Why are businesses moving to master trusts?

In the UK we’ve seen how auto-enrolment has increased the need for businesses to provide their employees with the right pension. There’s an expectation of employers and trustees to ensure they stay compliant whilst also delivering scalable, effective schemes. Many need more in-depth professional advice as a result. A master trust offers a ready-made regulated framework, meaning employers can confidently meet the needs of their members. 

Cost and efficiency 

Master trusts are also beneficial when it comes to cost and efficiency. Employers can benefit from lower administration and investment rates, making it easier to balance the cost of their pension scheme. With shared governance and scheme administration, master trusts help individual employers manage their pension scheme.  

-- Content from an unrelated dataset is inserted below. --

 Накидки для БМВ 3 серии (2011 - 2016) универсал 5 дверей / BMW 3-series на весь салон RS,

Governance and member protection 

The role of the trustee board, made up of individual trustees, is crucial in a master trust. They regularly engage with both employers and scheme members, making sure they are always acting in their best interests. The board has a responsibility to meet the strict authorisation and supervision standards set by The Pensions Regulator (TPR) Footnote [1], so that their members are protected. 

Market consolidation 

We’re also seeing a lot of smaller or less efficient schemes being consolidated into master trusts, often to drive down costs or wind up an existing scheme. Either way, employers want future-proof solutions that can adapt and change with market changes – and master trusts provide exactly that. 

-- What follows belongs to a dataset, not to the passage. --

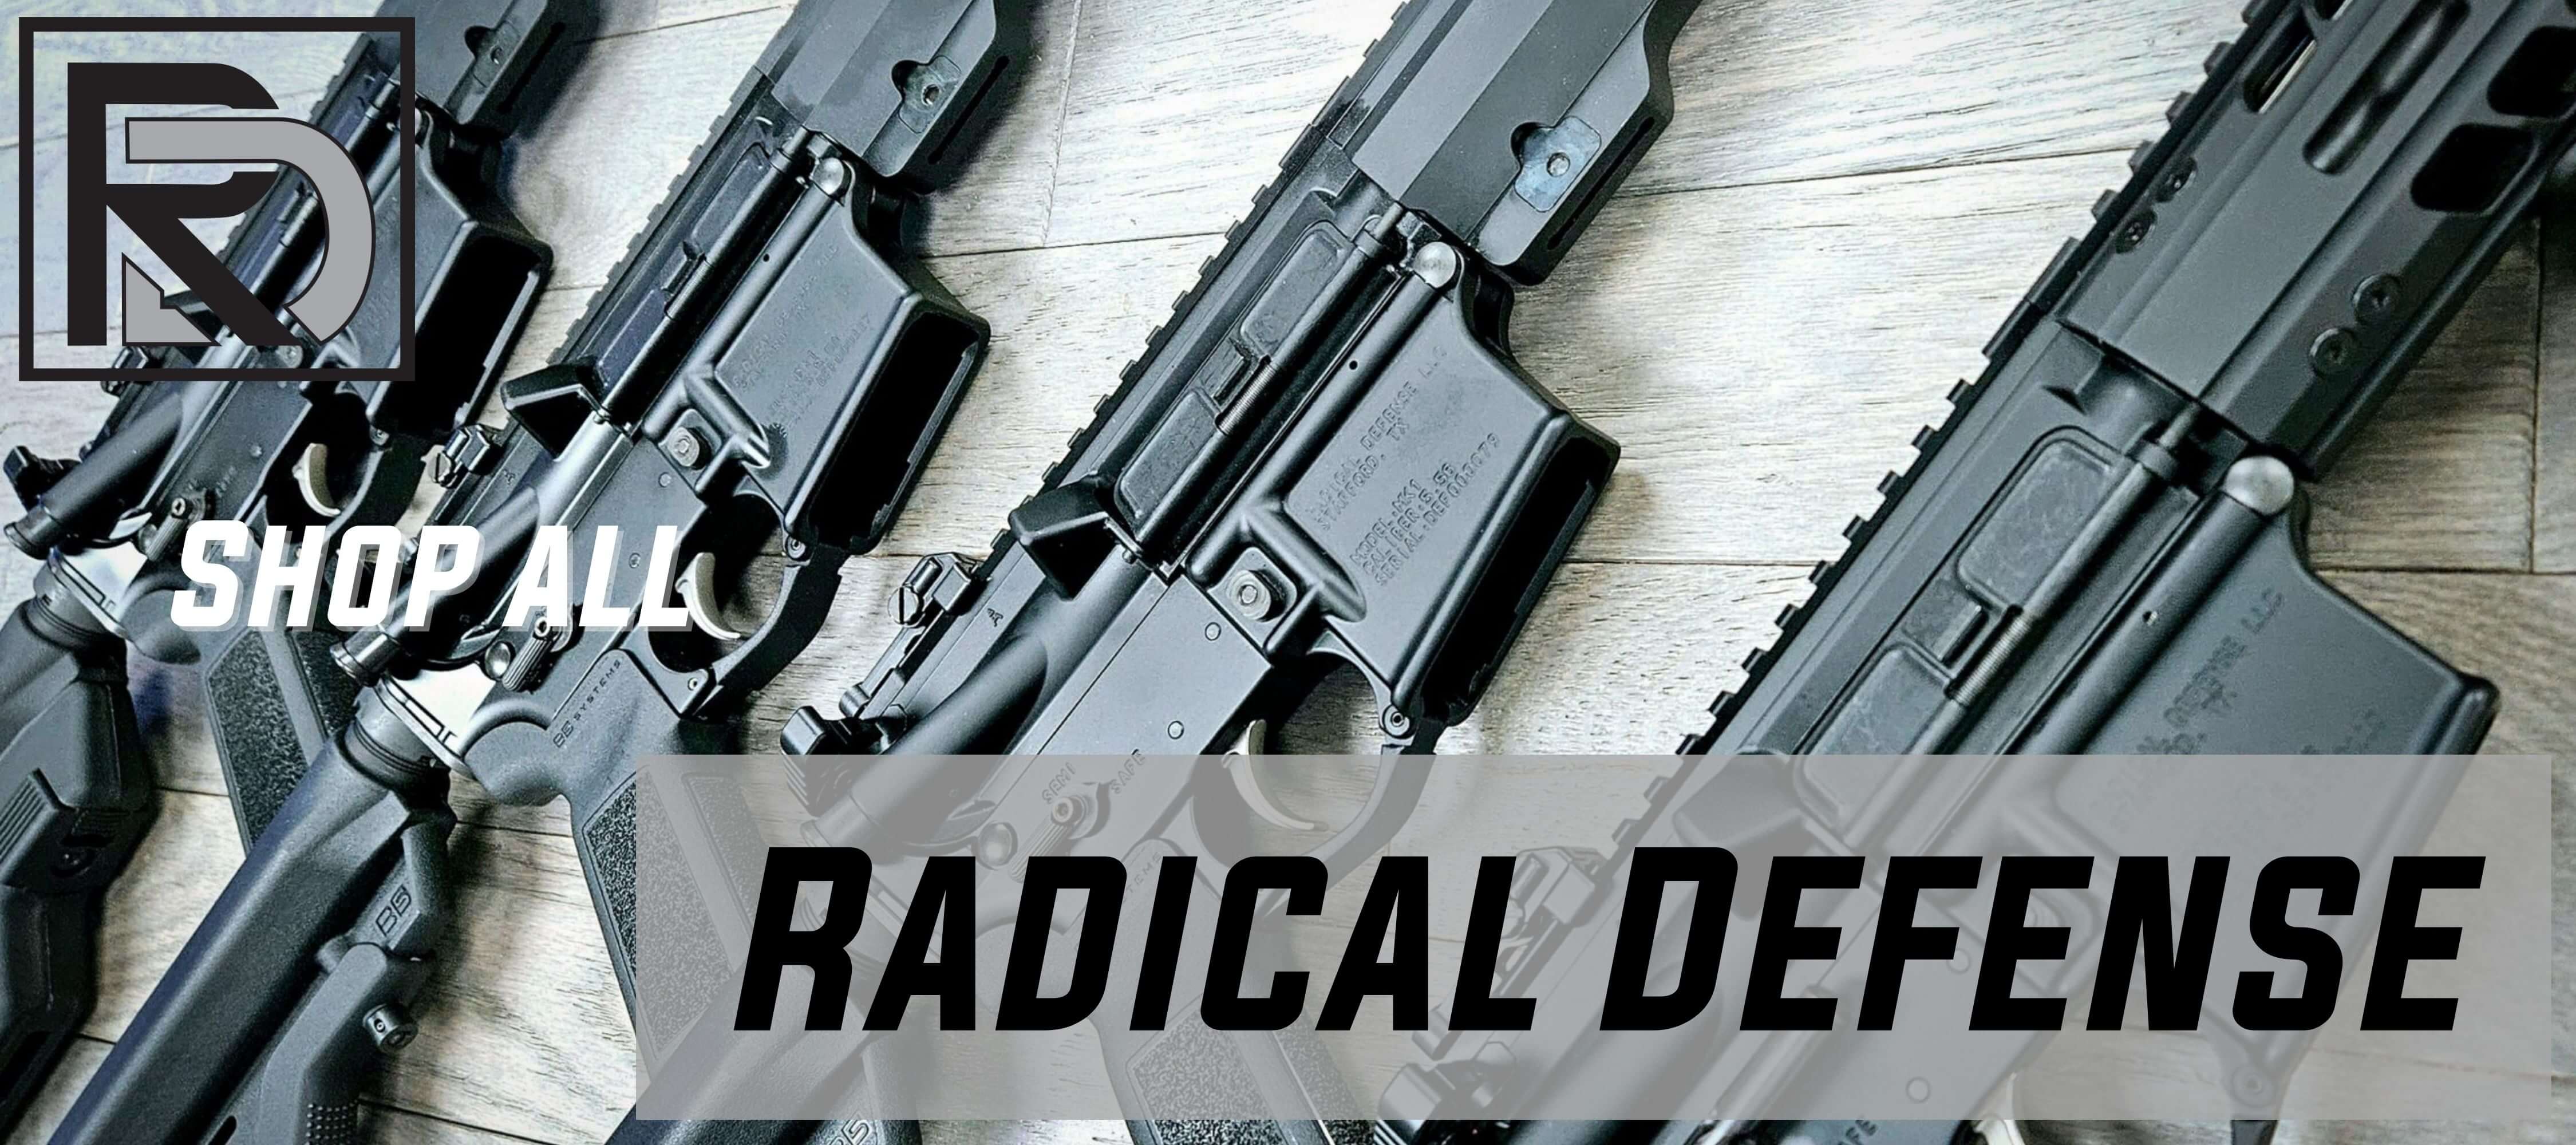 Radical Defense

What are the rules and regulations?

Robust governance from the Pension Schemes Act 2017 and Occupational Pension Schemes (Master Trusts) Regulations 2018 Footnote [2] keeps master trusts compliant with pensions legislation and TPR's requirements. This is something that can be a huge burden for employers to keep up to when it comes to managing their pension scheme.  

All master trusts must be authorised by TPR before they can operate. They must be able to demonstrate: 

  • They’ve employed ‘fit and proper’ trustees and scheme funders, meaning people who have the knowledge required for the role 
  • Financial sustainability is shown through the expected growth of the trust and how this will be funded 
  • There are sufficient IT systems in place to manage the trust, as well as robust processes to effectively govern the scheme 
  • There’s an effective continuity strategy in place in case of an event that may cause the trust to fail Footnote [2]

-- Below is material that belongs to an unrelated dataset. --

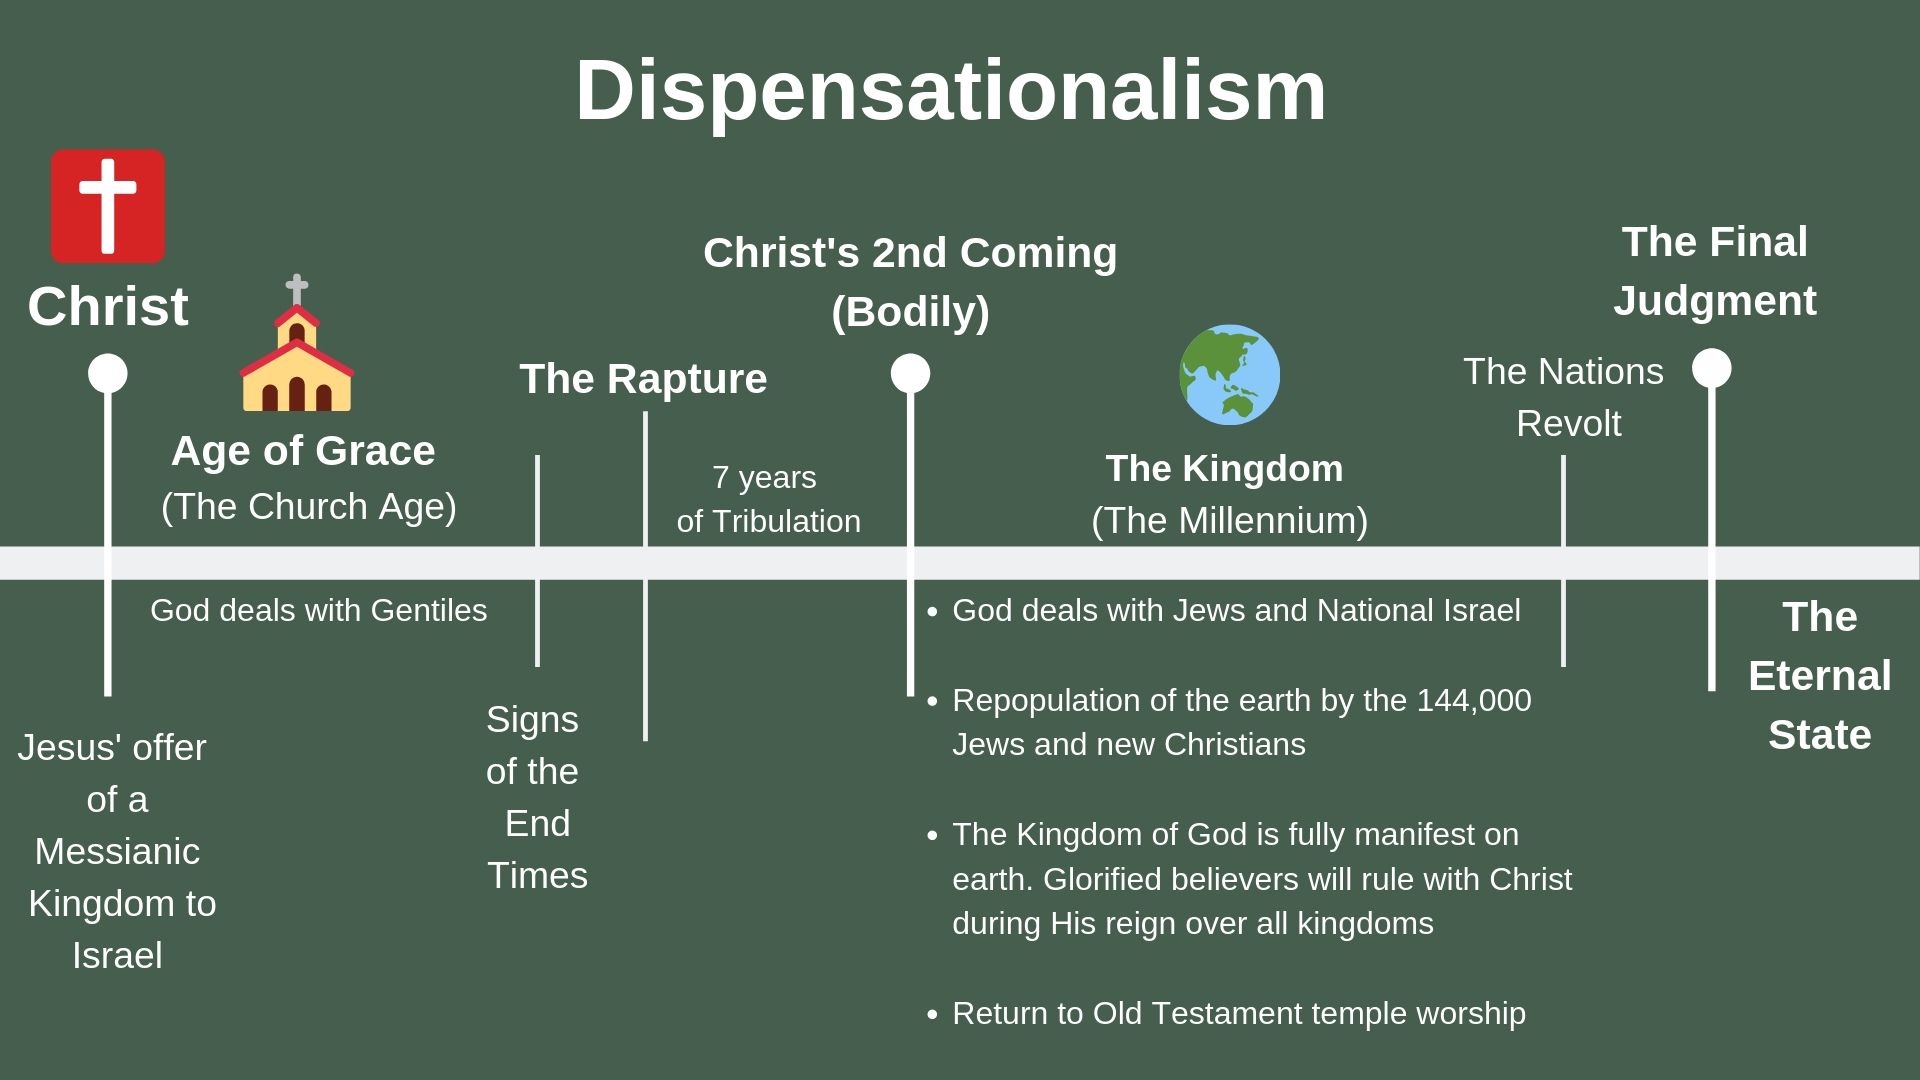 The Millennium | Revelation 20:1-10 — Church of the Advent

A master trust will go through regular reviews with TPR, and trustees have to report any significant events and maintain transparent governance of the scheme. This regulatory governance ensures the members’ best interests are met and upheld.  

How do employers transfer to a master trust?

An employer may decide to transfer for a number of reasons, from reducing costs, improving governance or to exit a legacy pension scheme. Aligning with auto-enrolment requirements or preparing for a scheme to wind up, which means it ceases to exist, are also reasons for a transfer. 

There are five steps involved in the transfer process:  

  1. Due diligence  
    Assess the master trust’s investment strategy, charges and member services. 
  2. Trustee and employer agreement 
    Both parties must come to an agreement on the transfer. 
  3. Communicate with members 
    Inform scheme members of the change and any implications it will have on them.  
  4. Transfer of data and assets 
    There must be an accurate and secure migration of funds and records.  
  5. Wind up the old scheme (if applicable)
    Complete any regulatory filings and close the previous scheme down. 

Finally, it’s important to remember that all transfers must comply with TPR guidance and other legal requirements in order to protect the scheme members. Employers should consult both legal and pension advisers to ensure a smooth transition to a master trust. 

Is a master trust right for my business?

We’ve talked about the push-and-pull factors around master trusts, but is it right for your employees? The real reason to consider setting up your pension scheme as a master trust is the improvement they can make to your employees' retirement.  

The governance they provide is there to give you confidence when it comes to:  

  • Fund performance  
  • Member communications and engagement tools
  • Flexible retirement options within the pension scheme 

The building blocks of a defined contribution pension scheme can make a huge difference to what retirement looks like for members. And it’s clear we’re seeing more employers and trustees hand some of these important decisions over to master trusts, relieving them of the responsibility of managing an independent scheme.